The literature suggests two main perspectives: (1) Coatings with better superhydrophobic behavior, characterized by larger contact-angles and smaller roll-off-angles, achieve superior anti-icing performance. To address this perspective, novel coatings must be developed. (2) Combining thermoelectric and superhydrophobic coatings represents an efficient and low-energy consumption method for preventing ice formation. This perspective requires research into the design methods for the combined use of these coatings, which is a focus of this study. The literature has focused on the anti-icing mechanisms of superhydrophobic coatings, the reason why it reduces energy consumption, the effectiveness of different superhydrophobic coatings and the reduction of energy consumption. However, less attention has been paid to the engineering problems associated with the application of superhydrophobic coatings, such as their layout and internal heating area.
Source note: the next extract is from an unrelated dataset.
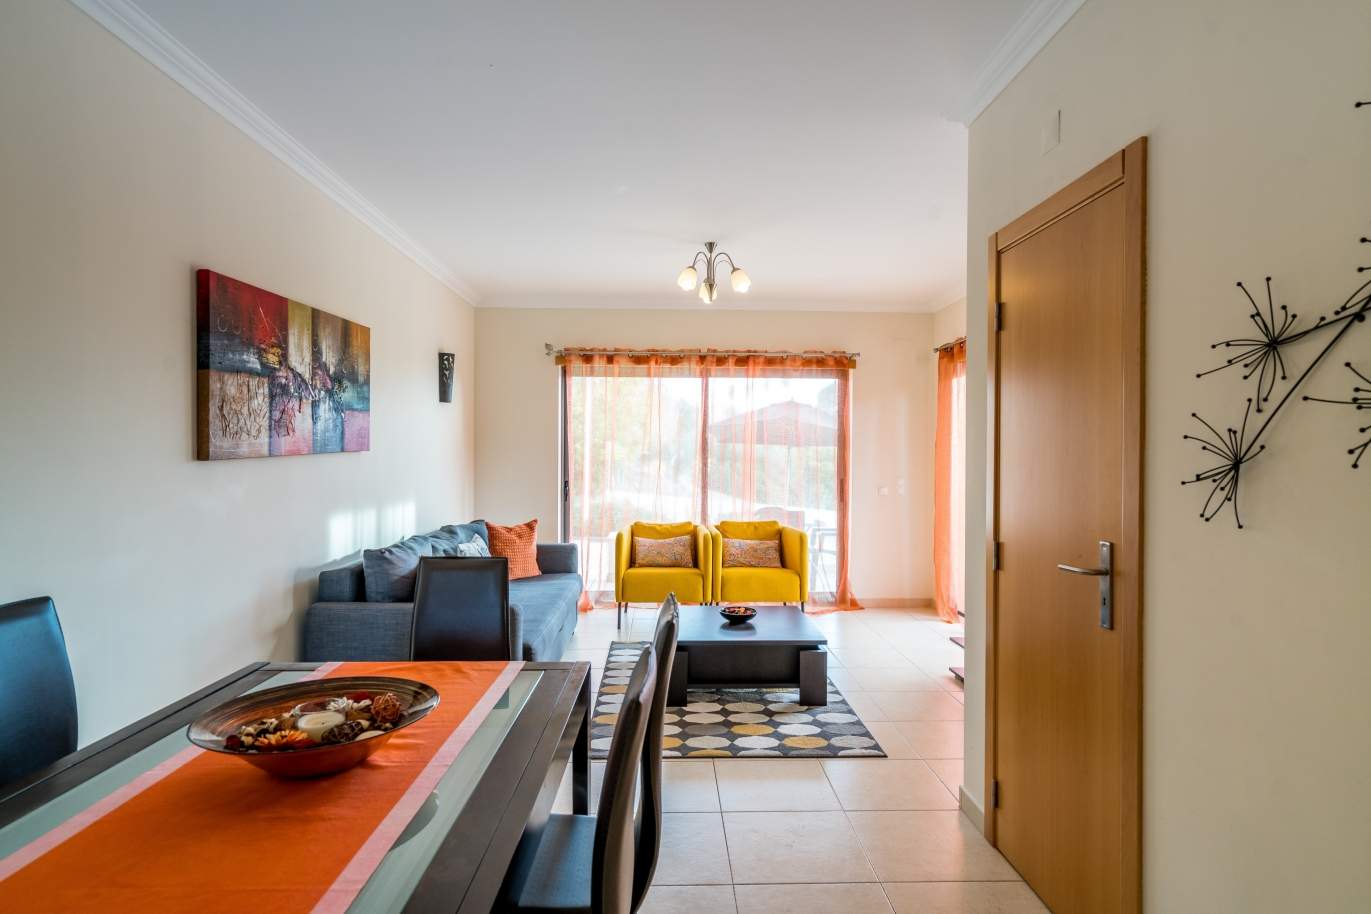 Sale of villa in private condominium in Albufeira, Algarve, Portugal_126882

To address these issues, similar to the design of thermoelectric and hot-air anti-icing systems, it is crucial to investigate the effects of various parameters of the anti-icing system, including the heating range and the layout of superhydrophobic coatings, under different icing conditions. This research provides valuable insights into the design of anti-icing system parameters specific to different icing conditions and offers actionable methods for the design and development of anti-icing systems that combine thermoelectric and superhydrophobic coatings.
This study provides fundamental research data to guide the future design of the Ice Protection System with a superhydrophobic coating (IPS). The data include the sensitivities of IPS to icing environmental parameters, as well as protective effects at different IPS parameters. The IPS parameters include the superhydrophobic coating range, heating range and power. Moreover, the environment parameters include median volumetric diameter (MVD), liquid water content (LWC) and environment temperature. These data can help guide the design of this type of IPS in the future.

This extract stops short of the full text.